March and April are the months during which companies generally hold their annual general meeting of shareholders (GMS) having on the agenda the approval of the financial statements, of the budget and of the business plan. The annual GMS is particularly important as it gives the opportunity for shareholders to meet and discuss directly with the management and the other shareholders on the past and future activity of the company.

The calling and holding of GMS is strictly regulated for joint stock companies, in particular for companies listed on the stock exchange (either on the main market or on the AeRO market). Most of these companies have already called the GMS or are in the process of calling the GMS.

However, due to the ongoing outbreak of coronavirus, companies should reconsider their arrangements for the GMS as they must comply with public health measures, including the ban on large gatherings, travel restrictions, unavailability of venues as well as with potential practical disruptions, such as communication disorders.
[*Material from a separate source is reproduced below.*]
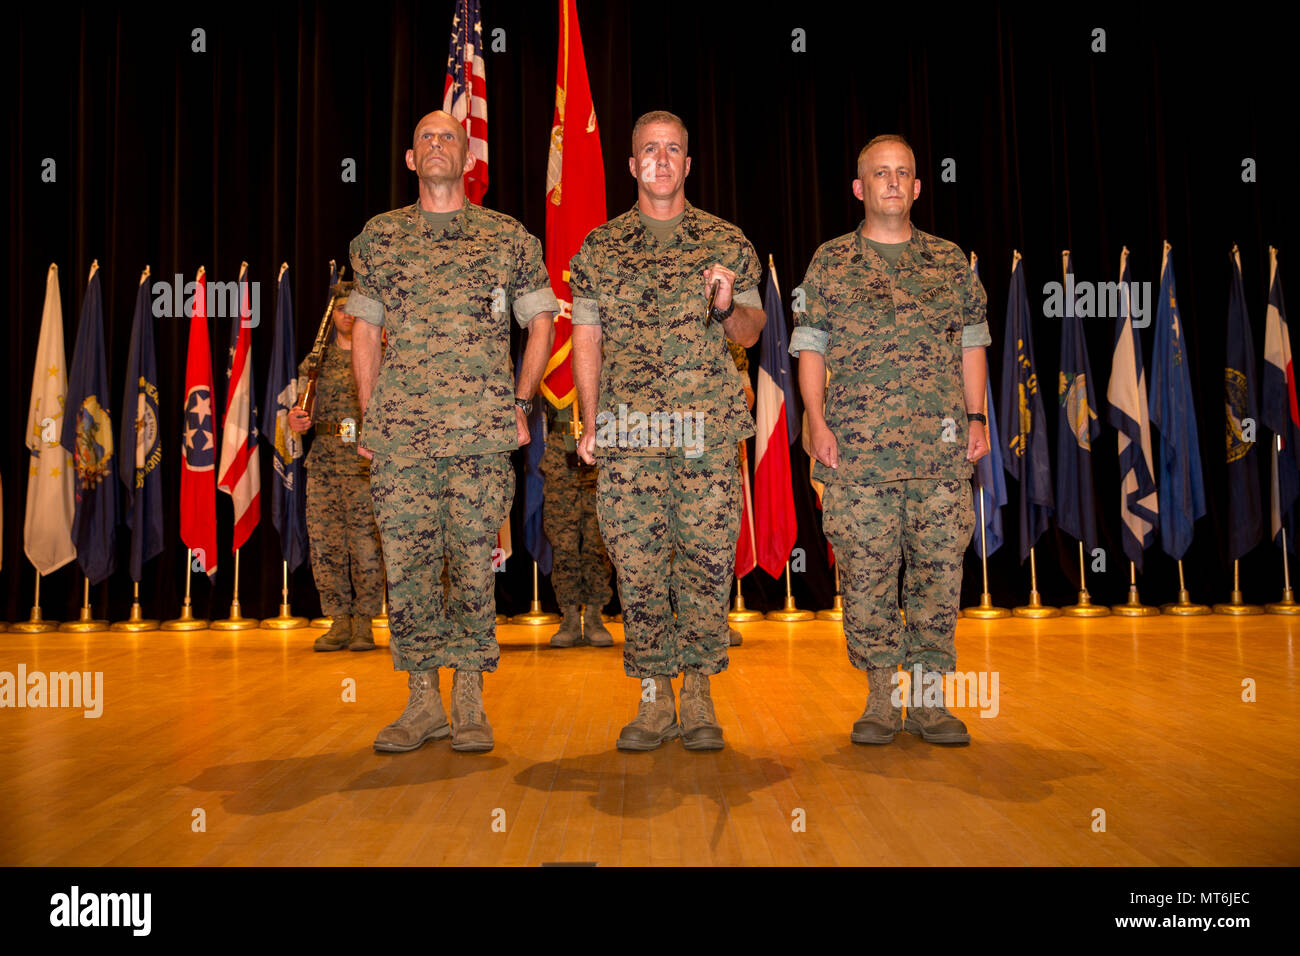 Desde la izquierda, la Infantería de Marina de los EE.UU Gen. Kevin M. Iiams Gral, comandante general del comando, la formación y la educación, el sargento. Gral. William J. Grigsby, entrantes, sargento mayor, y el sargento. Justin D. Gral Lehew, Sargento Mayor saliente, sitúese en la unidad de atención durante la ceremonia de nombramiento y de socorro en Little Hall sobre la base de la infantería de la Marina Quantico, Virginia, 20 de julio de 2017. La ceremonia se celebró a renunciar a funciones del sargento. Justin D. Gral Lehew a Sgt. William J. Grigsby Gral. (Ee.Uu. Marine Corps foto por Lance Cpl. Brian R. Domzalski) Foto de stock

In this context, companies will need to avoid personal interaction as much as possible and ensure that relevant alternatives are in place to ensure proper calling and holding of GMS.

While companies which are not listed may take decisions of GMS by correspondence only (if specifically permitted in the articles of incorporation), listed companies have several challenges to face as they cannot take decisions by correspondence only.

Listed companies may use remote means of communications in holding the GMS, but virtual meetings (audio only or audio-video) have been rarely used in practice due to costs and technical complexities (normally, a 3rd party platform provider is required to ensure the technical capability and adequate cybersecurity and protection of information in the context of simultaneous participation of a large number of shareholders).Based on the current legislation, in view of addressing public health concerns, comply with the measures imposed by the authorities, but, in the same time, observe the rights of the shareholders, companies may consider the following principles and guidelines when organizing the GMS:

  • Organize the physical GMS in a place and in accordance with the restrictions and instructions from the public authorities (preferably, at company’s headquarters);
  • Prepare, communicate and apply a clear procedure for participation and voting in the GMS, with detailed rules of conduct;
  • Strongly encourage shareholders to vote by correspondence or to appoint a common proxy (e.g., a broker) to attend and vote on their behalf

Note: Major companies have already encouraged shareholders to vote by correspondence, in light of the COVID-19 context

  • Welcome shareholders to submit questions in advance
  • Organize, if possible, hybrid meetings (physical and by electronic means)
  • In the physical meeting, observe the measures imposed by the authorities to minimize the spread of COVID-19, such as number of participants and space distance between participants (e.g. organizing two rooms which can be linked through communication channels), limitation of the time allocated to the meeting; voting by raise of hands could be used instead of voting cards
  • If possible, broadcast the physical meeting so that the shareholders be able to see and hear the discussions from distance
  • Respond to all questions from the shareholders, before or during the meeting (and, if not possible due to a high volume of questions), as soon as possible after the meeting
  • Keep shareholders informed on any developments in the organization of the GMS

Potential temporary legal measures regarding organization and holding of GMS

In consideration of the risk of spread of COVID-19, there are proposals and discussions in the business community with respect to approval by the Romanian Government of certain temporary measures regarding the organization and holding of general meetings of shareholders of joint stock companies (including listed companies).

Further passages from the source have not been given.